We hebben de uitslag van het bloedonderzoek van gisteren al binnen.
Aan de hele voorbije periode heb ik dus wel degelijk iets overgehouden. Misschien dat het ooit gaat wennen of een beetje slijt maar telkens als er een nieuwe bloedcontrole aankomt zijn er vonken van paniek. Het is de laatste gedachte voor je in slaap valt, het is dezelfde gedachte die je even later wakker maakt. Wat als deze nachtmerrie niet gedaan is? Wat als de resultaten nu eens niet…
Daar waar je vroeger een soort nonchalant gevoel van vanzelfsprekendheid had over zo’n dingen ben je nu ineens als ervaringsdeskundige wijzer geworden.
Je loopt de hele dag met een mentaal winkelkarretje rond, volgeladen met gedachten over wat je gaat doen als er slecht nieuws komt.
Je probeert je te concentreren op andere dingen, probeert controle te krijgen en een halt toe te roepen aan het doemdenken.
Maar daartegenover staat dat duiveltje dat werd geboren toen je de eerste keer dat slechte nieuws kreeg. Over kicken gesproken: moet je die laatste minuut voor het bloedresultaat eens meemaken! Het moment dat je telefonische verbinding krijgt met diegene die de resultaten voor zich heeft liggen. Het wachten op de woorden die een zin vormen. Die zin dan verwerken, ontleden. Is alles werkelijk in orde? Nog eens even bevestiging vragen. Hebben we het echt goed begrepen?
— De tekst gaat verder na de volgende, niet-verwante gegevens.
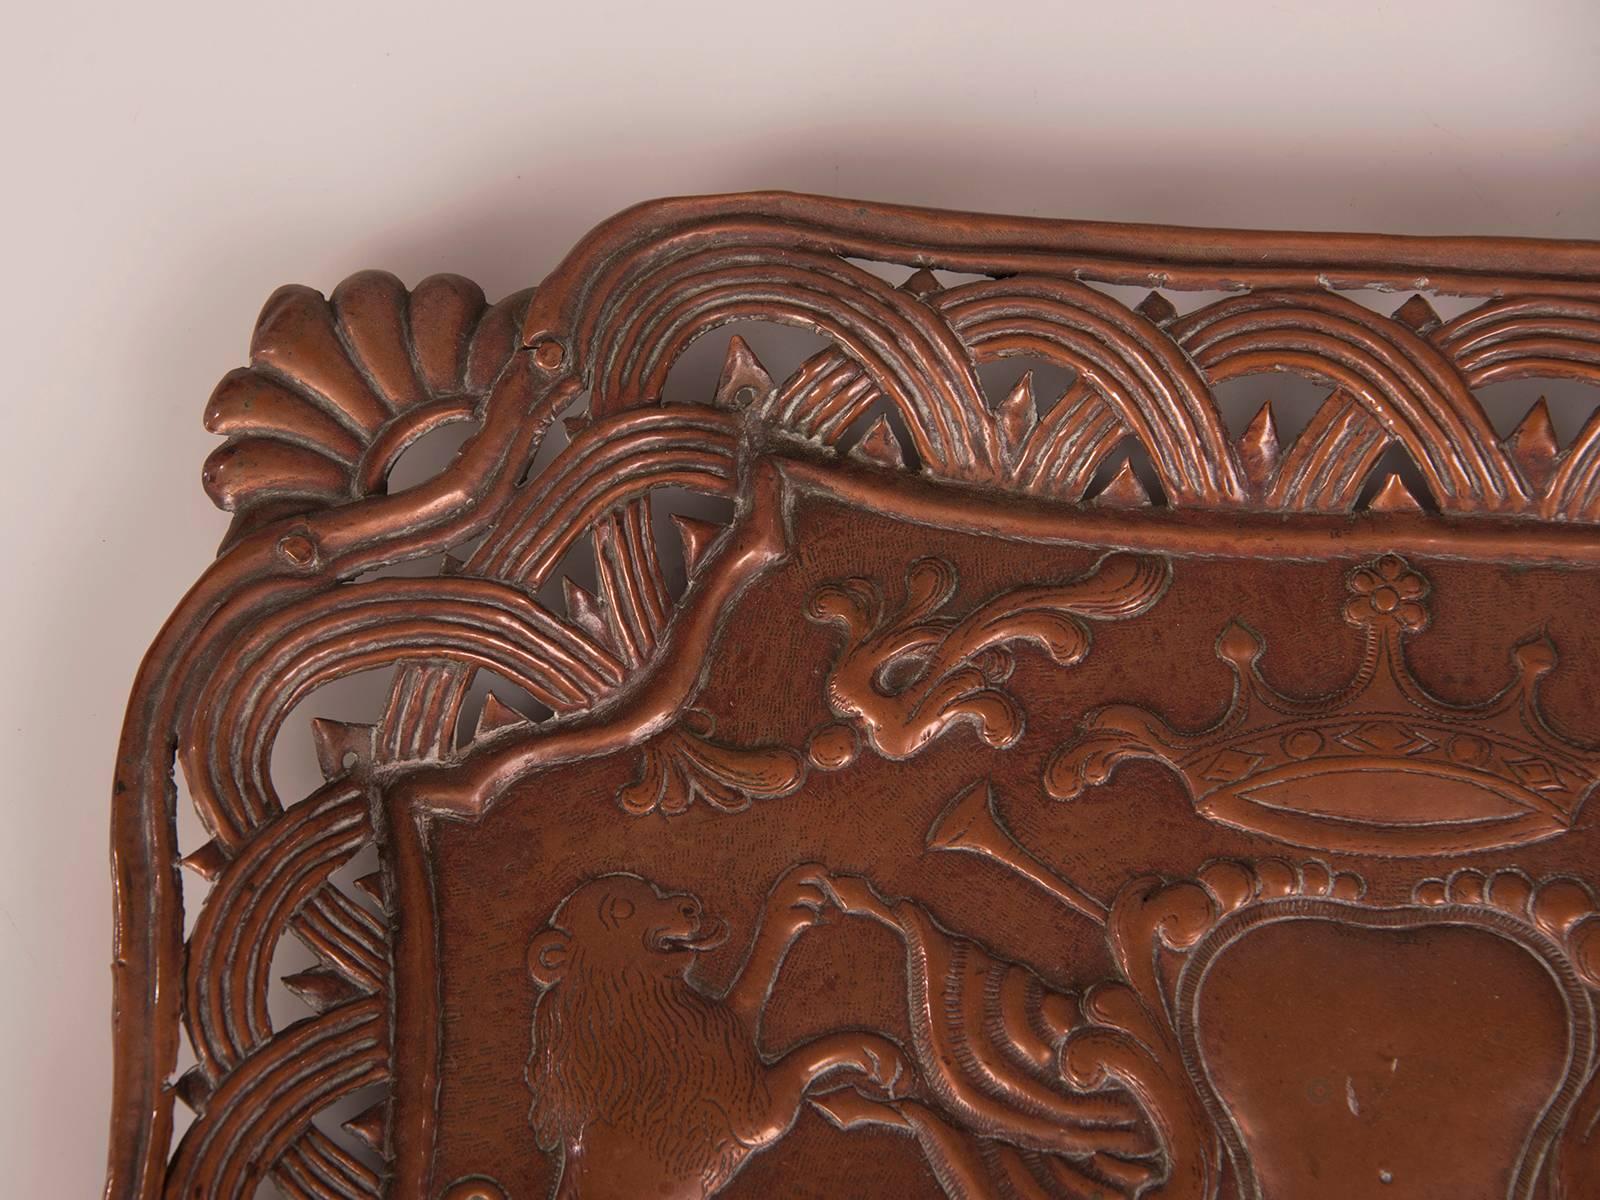 Receive our new selections direct from 1stdibs by email each week. Please click on “Follow Dealer” button below and see them first!

This antique French pressed copper rectangular tray circa 1890 features a pair of heraldic lions rampant beneath a

Pas dan, als het echt helemaal is doorgedrongen valt de last van een geladen vrachtwagen van je schouders en laten je longen je toe om echt diep adem te halen. Je spieren ontspannen en een lentebries blaast het stof uit je gepijnigde gedachten. Je hart begint terug te kloppen.
Maar goed, Jacky kreeg de resultaten van het bloedonderzoek dus door. En ja, ze waren goed.
Onze dokter zet het licht op groen. Nog drie dagen.